Trauma is something we have all experienced to some degree or another, and it’s something that we are all probably going through right now during this pandemic. So I wanted to try to explore what trauma is all about, as much for myself as for anyone else. Bear in mind that I’m no expert on trauma (or anything for that matter). I’m in the process of figuring trauma out because shame is often seen as a form of trauma. 

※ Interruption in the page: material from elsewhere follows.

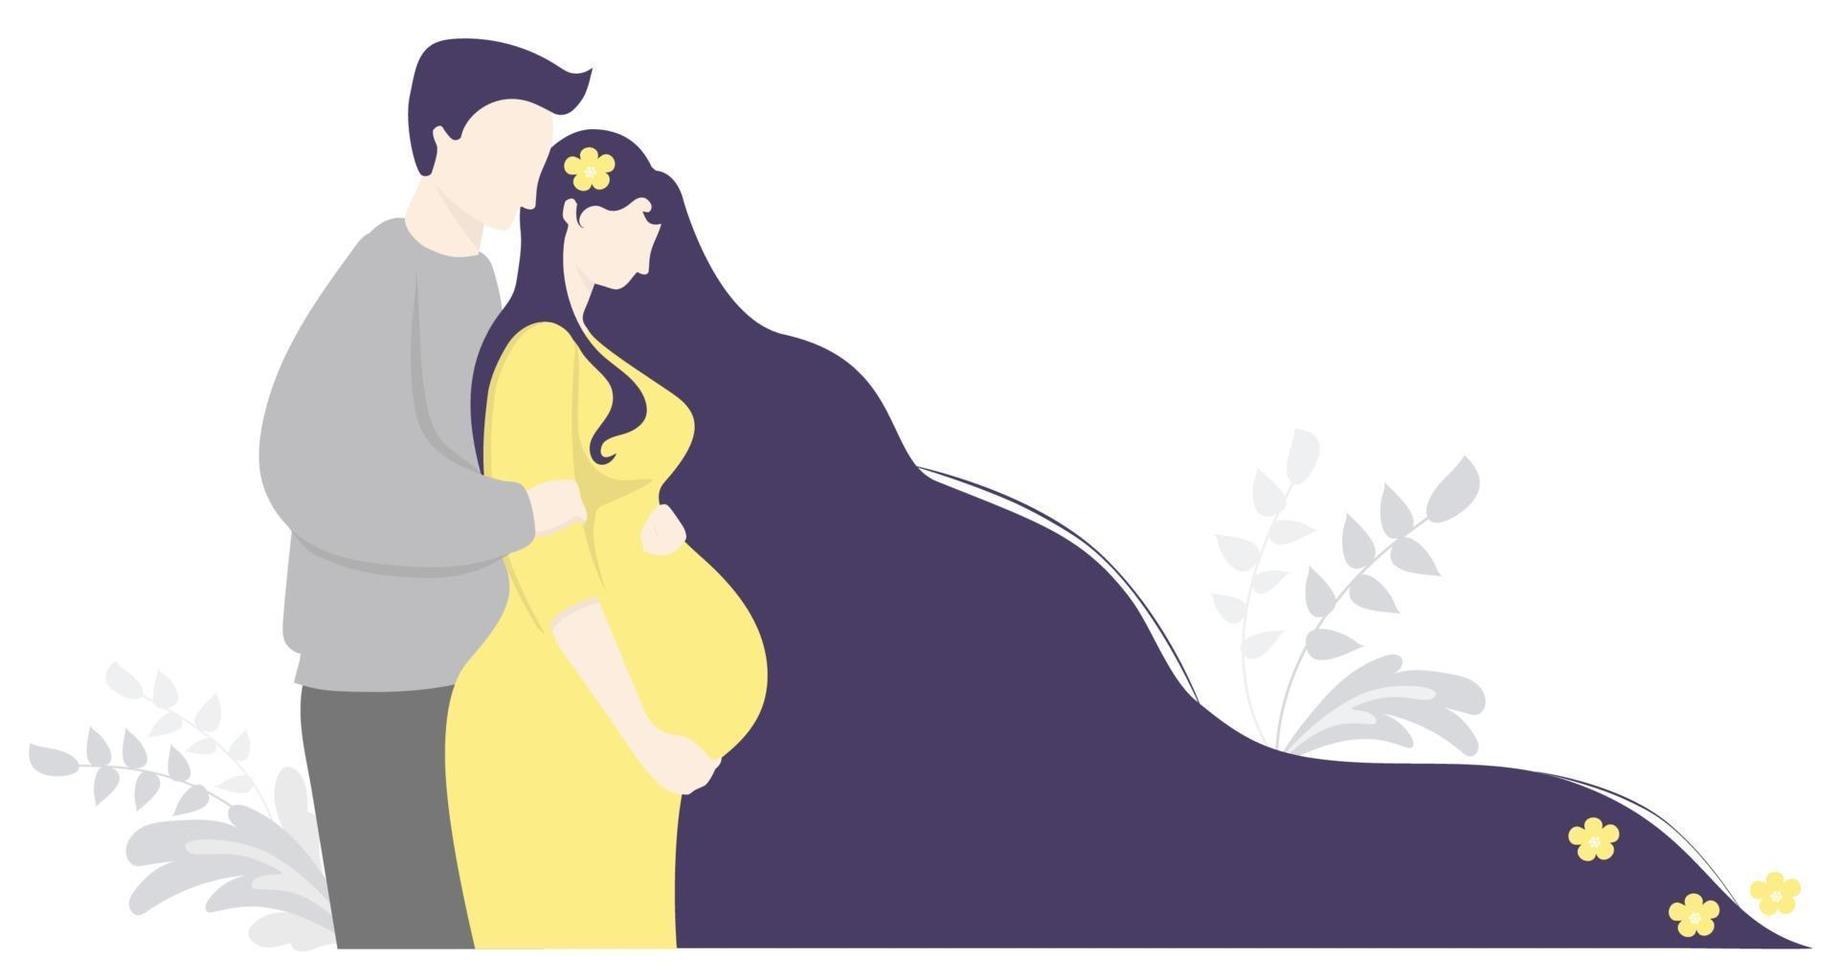 moederschap en gezin. gelukkige zwangere vrouw met bloemen in lang haar in een gele jurk knuffels buik. een man staat naast haar en omhelst haar zachtjes. vector illustratie. schattige decoratieve horizontale banner

When I think of trauma, the metaphor that comes to mind is of being a kid stuck at the top of the high diving board at the local swimming pool. Your friend dares you to jump off the highest diving platform, and it looks easy enough from below. But when you climb all the way to the top, you look over the edge and freeze. It seems way too scary and dangerous! But you can’t turn around now either, just walking down seems scary and mortifying, what with the whole pool seemingly watching you. So you’re frozen and stuck. No way forward, no way back. It’s a seemingly impossible situation. So your system crashes, you dissociate from your body, or you collapse. Inevitably, some adult needs to help you down.

But because our system shut down before it could resolve that intense emotional experience, it’s like some part of our nervous system is trapped on top of that diving board forever. This single traumatic event becomes an instantaneous lesson about survival that our body will likely never forgot. Trauma has just taught us not to try to climb up or jump off of scary tall things ever again, a lesson it will enforce in future by shutting down whenever something remotely similar triggers that trauma. So you won’t be able to climb up a diving platform again even if you want to. 

But there are other forms of trauma, like shame, which condition us more gradually (especially when we are children) through bursts of unpleasant feeling whenever we perceive ourselves as being in danger of social rejection, scorn, neglect, or disrespect. This subtle but relentless conditioning is also a form of rapid, indelible learning, and it actually “helps” us construct our very sense of reality based on cultural pressure.